When DH & I looked at properties, it was with a different viewpoint (I am an RE Agent & lived on a 90 acre farm/ranch with my grandparents for the most formative part of my childhood---yep, got it in the blood and couldn't get it out). We discussed where & how much land we wanted, which priority was #1 and so on. For our use, 2.5 acres with a shop bldg & farmhouse would have sufficed.

That said, we began looking. We found properties with large steel shops (DH wouldn't go for that) & farmhouses. There wasn't a single property with both a stick built shop & a farmhouse on it. So, that quickly narrowed down our searches. I started pulling up only properties with stick built shops on them. We figured we could build a farmhouse... Since we had both agreed on what we wanted, we quickly became frustrated. None were suitable for what we wanted to do (grow a large vegetable garden, have an orchard, and raise chickens & other critters...also have at least an acre of forest). Most of the properties had wetland areas. I then started pulling up properties with mobile homes on them; figured we could remove it eventually & build... This one sounded interesting, terrible pictures, but interesting... The listing read to make an appt, so I called & the owner confirmed we could come right over.

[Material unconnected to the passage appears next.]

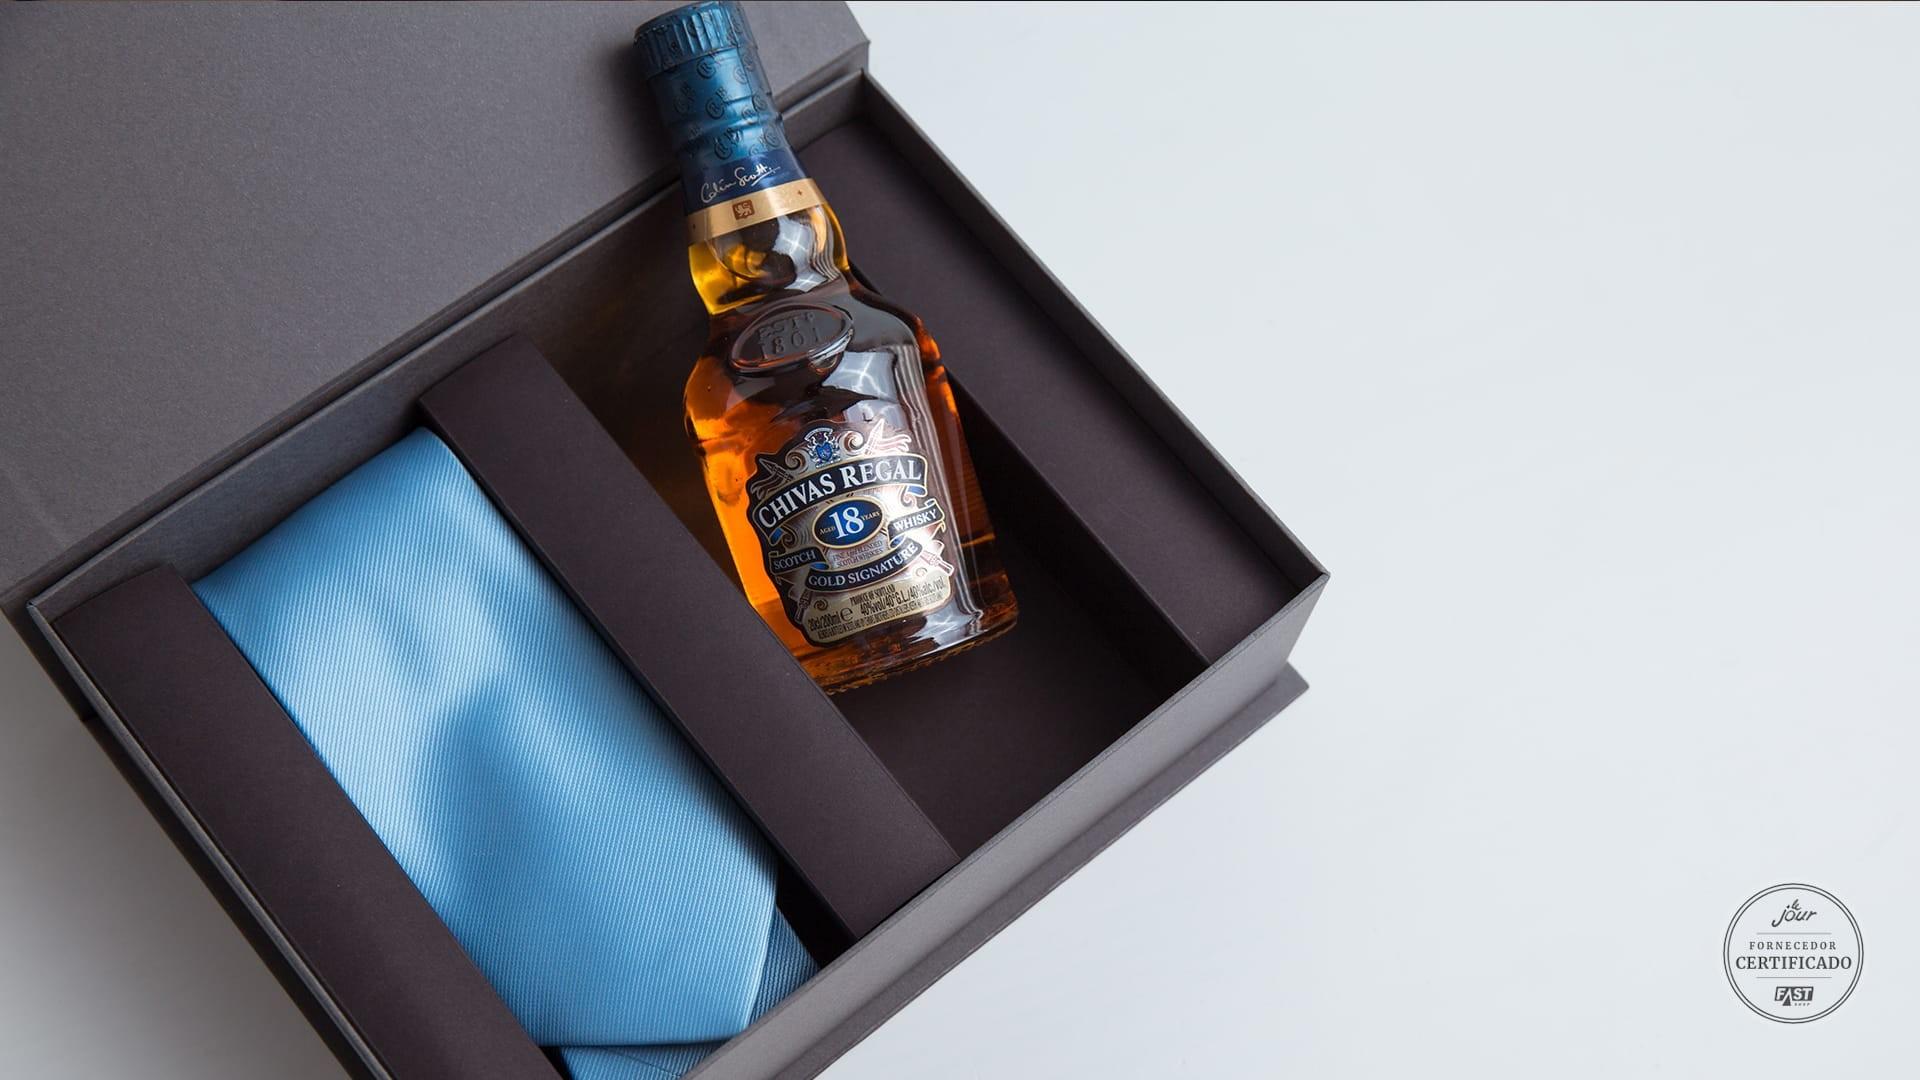 Kit de convite para padrinho com gravara e whisky Chivas 18 anos.
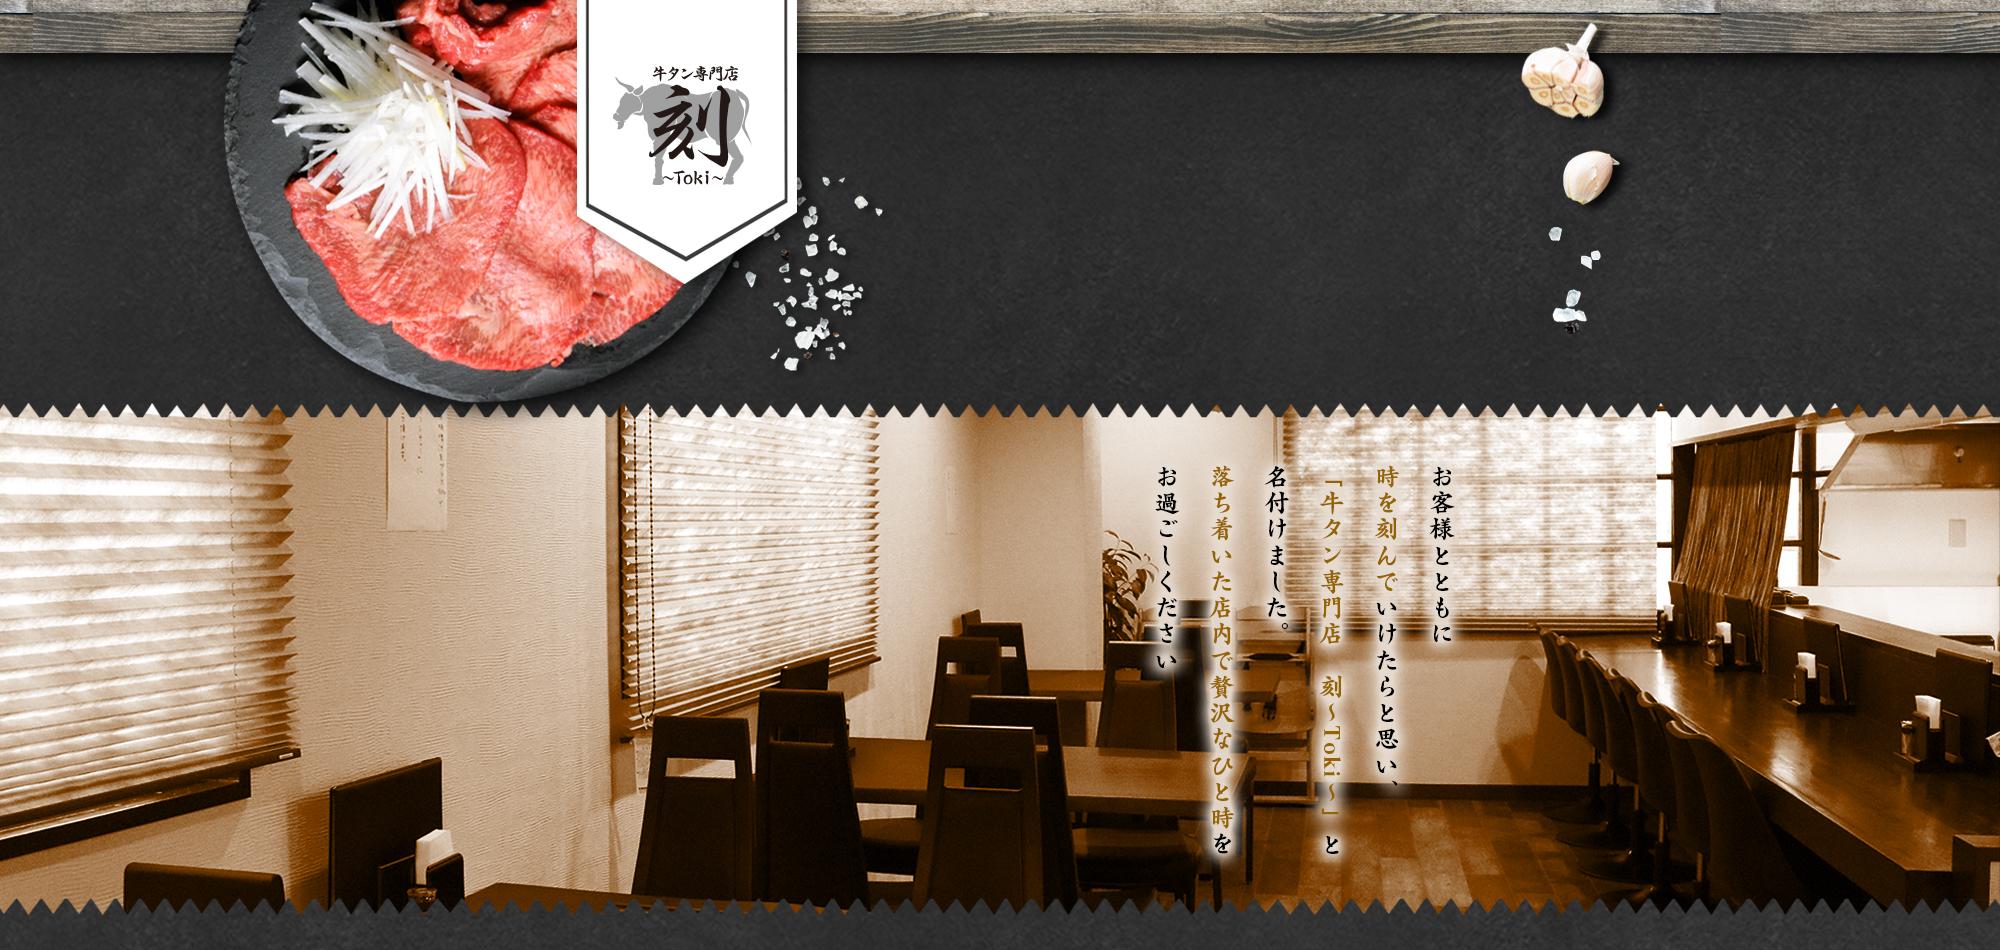 お客様とともに時を刻んでいけたらと思い、「牛タン専門店 刻 ~Toki~」と名付けました。落ち着いた店内で贅沢なひと時をお過ごしください。

1,696 sq feet remodeled mobile home including attached code-built office (with little woodstove in it)- all on concrete foundation
Very well built shop that was 2car+ in size (with big attic, too)
A double carport w/insulated storage room built in)
6.68 acres of mostly forested property (a lot of 2nd growth Cedars)
ZERO wetland 

I knew it the moment we stepped out of the car! I could see what we could do with this property & envisioned what it would look like. DH hauled off the scrap steel and pocketed some $$ We logged about 40 of those large Cedars and pocketed just over $9,000. Then, we dug up mature fruit trees from our last property and put in an orchard. Next, we cleared a spot and a neighbor flattened it & we put in raised beds (1,250 sq feet), then doubled that this year (2,500 sq feet), got our chickens (have 13 layers & 2 roosters), got the cute Mini Rex bunnies (11 of them right now---producing away for our garden just like the chickens). DH built me the garden cabin (still needs finish work) and we keep working to complete all of our goals. We have enough timber on our property to have a self-sustaining wood source to fuel our woodstoves!

We have lived here almost four years & I am very happy! Our neighbors are wonderful, help each other, and it is beautiful here. Good thing, I don't mind the rain.


----------